Au-delà des facteurs géographiques et géologiques, le rapport pointait une série de fragilités: pauvreté structurelle, densité de population parmi les plus élevées de France, habitations précaires, infrastructures défaillantes, et manque criant de prévention et de moyens mobilisés par l’Etat. Un cocktail explosif. 
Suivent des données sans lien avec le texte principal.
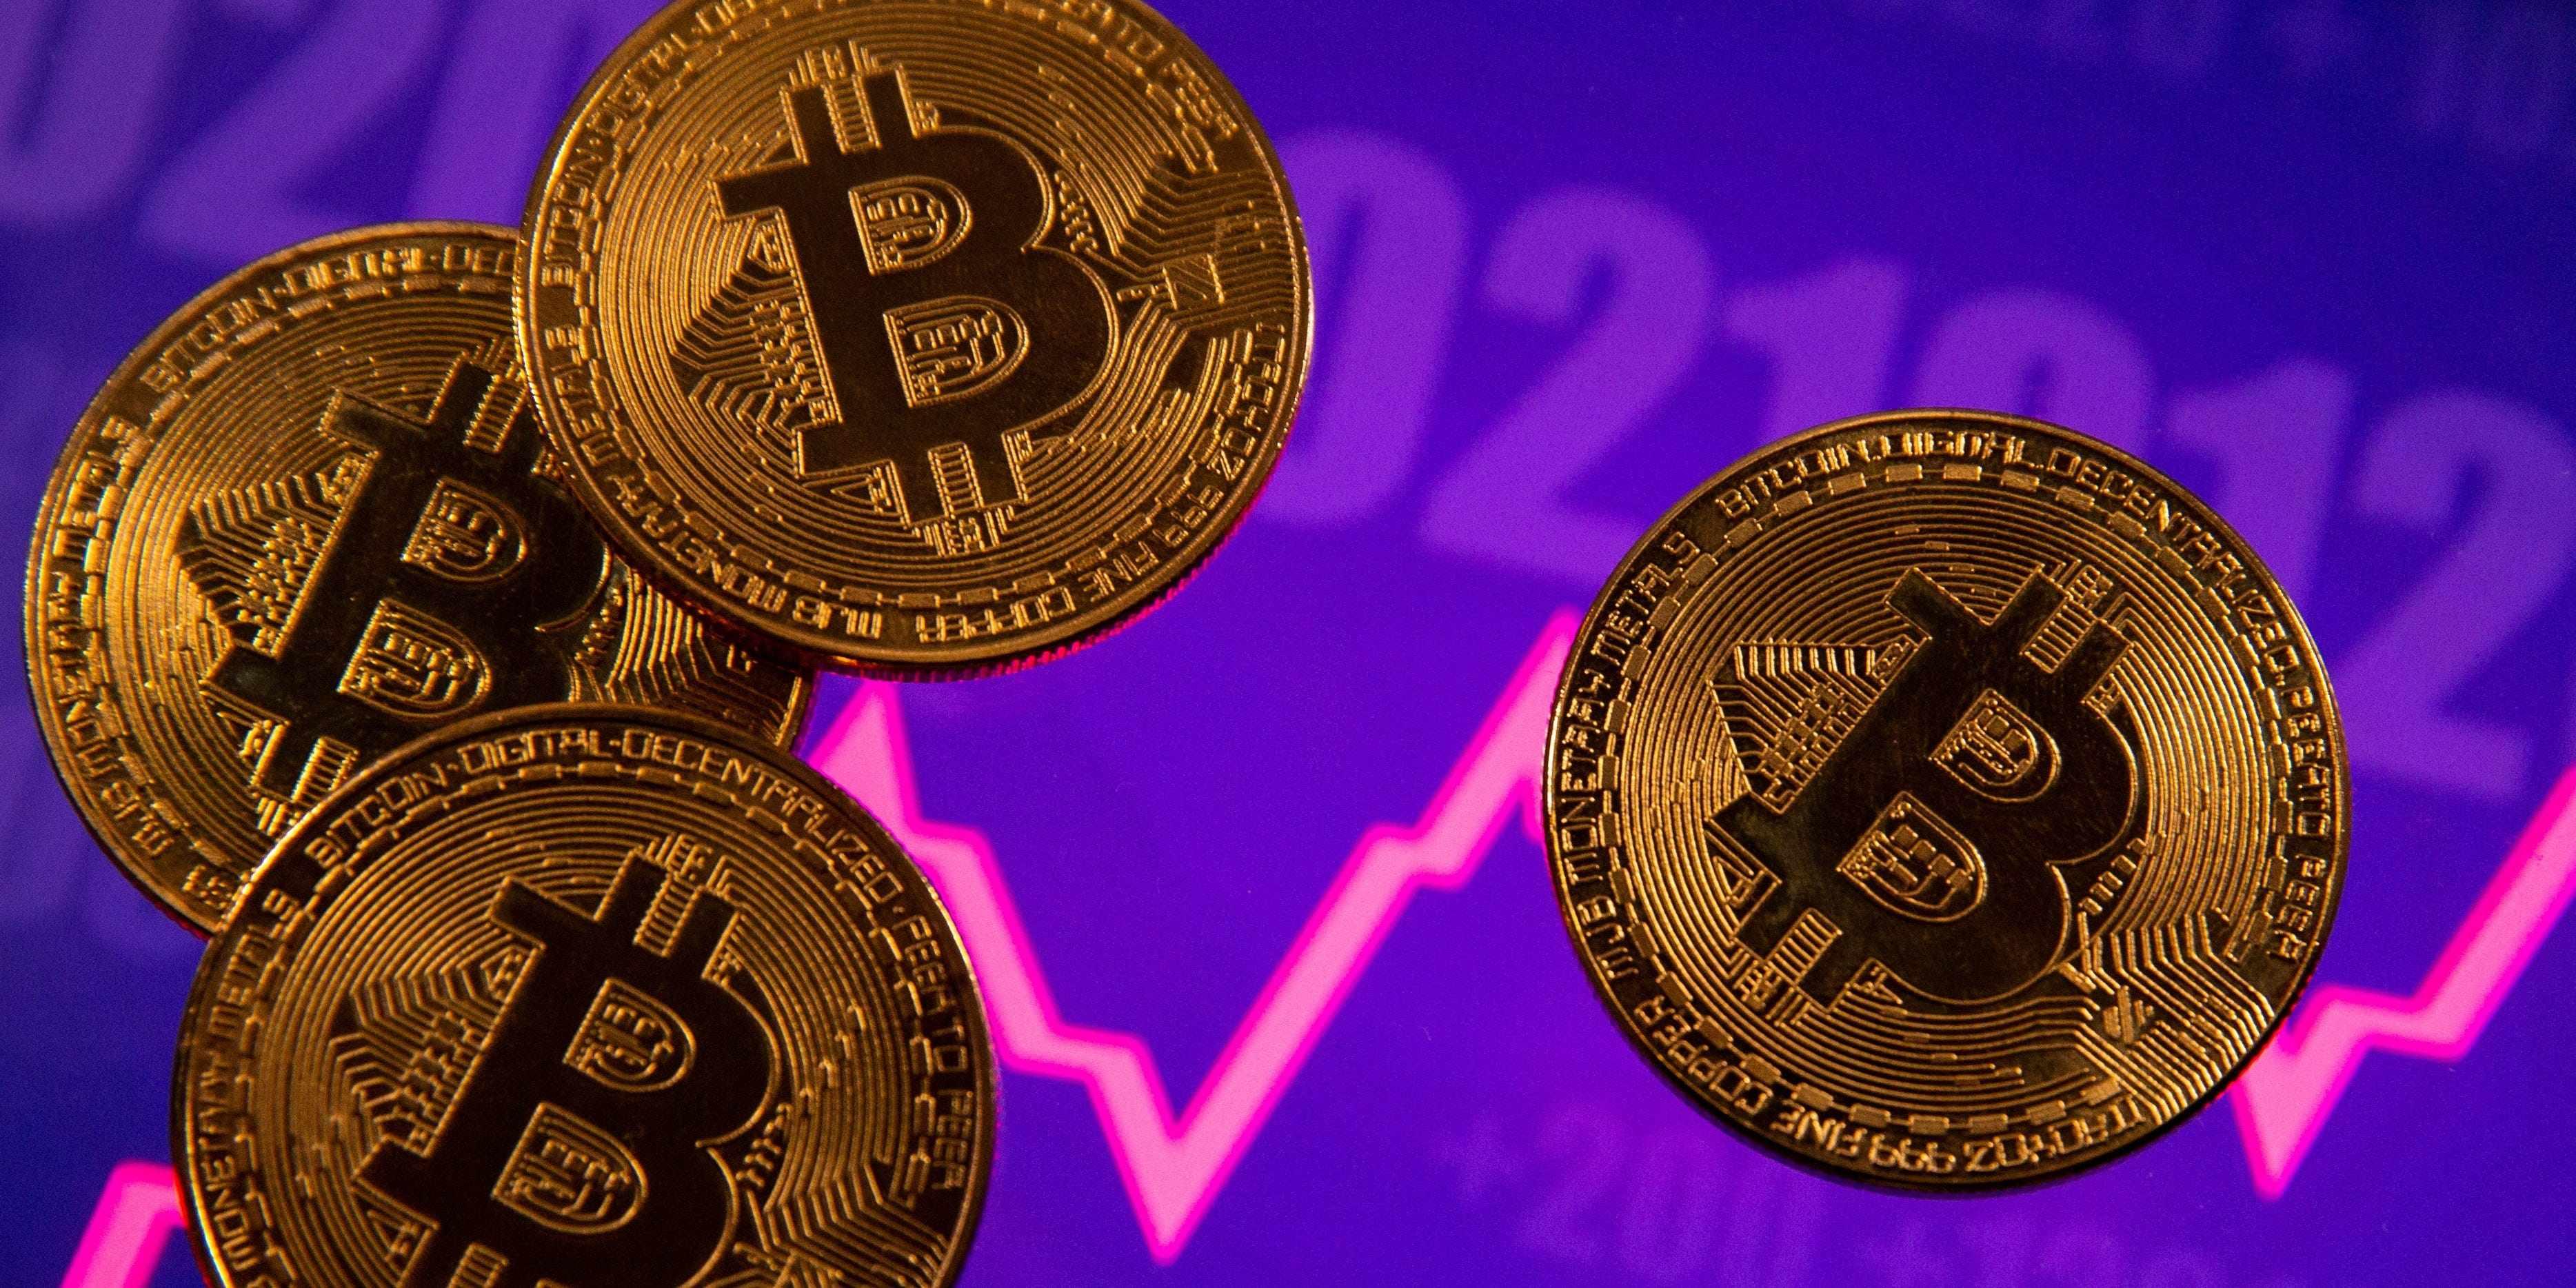 cryptocurrencies mastercard millennials consumers survey

Olivier Brahic expliquait également que, bien que les cyclones provoquent habituellement peu de blessés graves, la situation à Mayotte est différente: «Le bilan victimaire pourrait être très lourd dans ce qu’on appelle les bangas, dans les bidonvilles, où les tôles qui s’envolent pourraient causer de très gros dégâts.» Et ce sont justement ces quartiers précaires qui ont été les plus sévèrement touchés par le cyclone. 

Un manque de moyens

Le manque de financement était également dénoncé par Gaëlle Nebard, directrice outre-mer de la Croix-Rouge française. Elle illustrait cette insuffisance avec l’exemple d’un dispositif de prévention qui sensibilisait les écoliers aux risques climatiques et qui a été contraint de cesser ses activités il y a deux ans, faute de ressources.

Autre point critique: les capacités d’évacuation. « Les centres de vie identifiés dans chaque commune pourraient accueillir 30'000 personnes, alors que la population de Mayotte est estimée entre 300'000 et 400'000 habitants », ajoutait Olivier Brahic.

Avec l'arrivée du cyclone Chido à Mayotte, ces avertissements prennent une dimension tragique. La menace d'un bilan humain lourd était connue. Il semblerait que l'Etat n'ait pas pris conscience de l'urgence de la situation. Mais maintenant, il fait face à un autre défi: venir en aide aux sinistrés.